Of course, this should be rewritten according the DRY-principle:

        private Expression checkForFootnote(ParameterExpression param, char footnoteCode) {
            static MethodInfo indexOfMethod = typeof(string).GetMethod("IndexOf", newType[] { typeof(char) });
        
            return Expression.NotEqual(
                                Expression.Constant(-1),
                                Expression.Call(
                                        Expression.Property(param, "Footnotes"),
                                        indexOfMethod,
                                        Expression.Constant(footnoteCode)));
        }
        
        var optionsString = "BDF";
        // Build the first request
        var builtExpression = checkForFootnote(param, optionsString[0]);
        
        // Build the subsequent OR parts
        foreach(char option in optionsString.substring(1)) {
            builtExpression = Expression.Or(
                    builtExpression,
                    checkForFootnote(param, option);
        }
        

This gets us 90% of the way to where I need to be.
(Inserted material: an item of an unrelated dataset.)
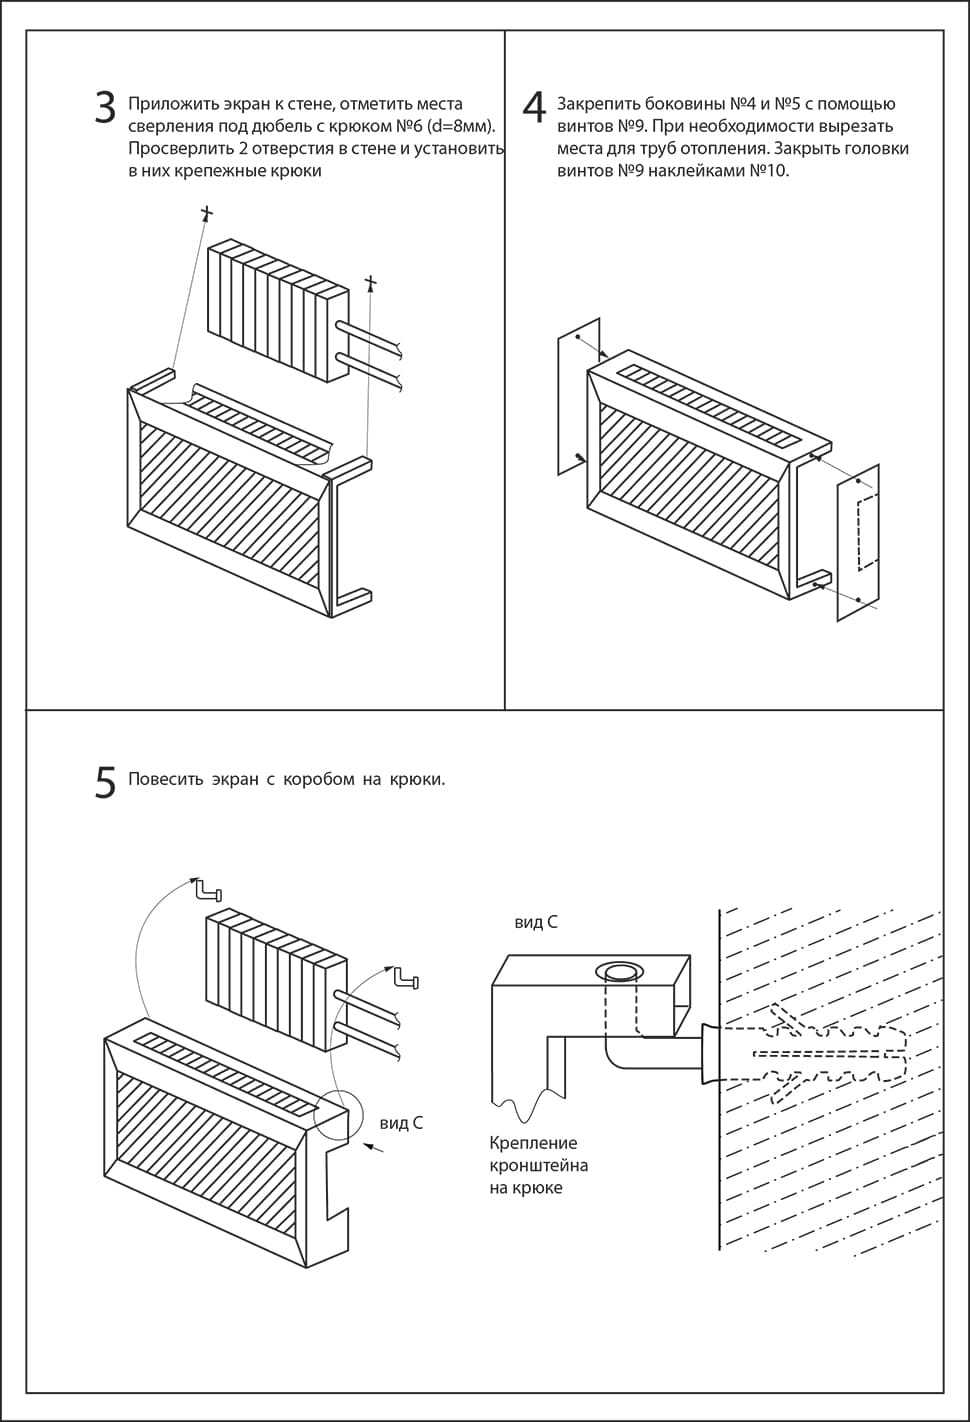 Решетки (экраны) на радиаторы отопления: как выбрать и установить
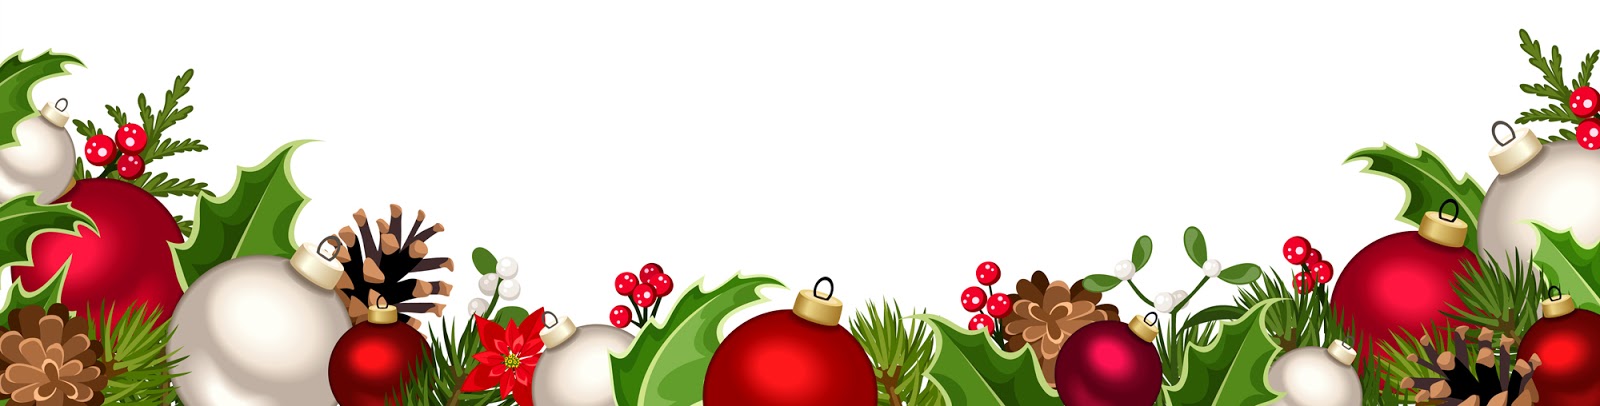 Banco de Imágenes Gratis: 4 nuevas imágenes navideñas con esferas y adornos  para la portada de tu Facebook y para diseñar tarjetas y postales de Navidad

The only thing we're missing is the exclude option. In my implementation, exclude is equal to true when I want it active, and false otherwise, which means it must be negated in order to meet the requirement above. Remember in this case, the boolean expression we want is: !exclude && (footnoteCheck) where footnoteCheck is the expression constructed above.

        builtExpression = Expression.And(
                builtExpression,
                Expression.Not(Expression.Constant(exclude)));
        

At this point, we've built the entire expression in a way that can be sent to LINQ for conversion into dynamically generated SQL. After this was done, I saw a dramatic increase in speed on footnote-only searches via our search page as I'm letting my SQL Server do the work it was designed to do. More than that, I've been able to deconstruct a method to show that nearly ANY data processing problem can be solved in LINQ, only requiring a bit more thought.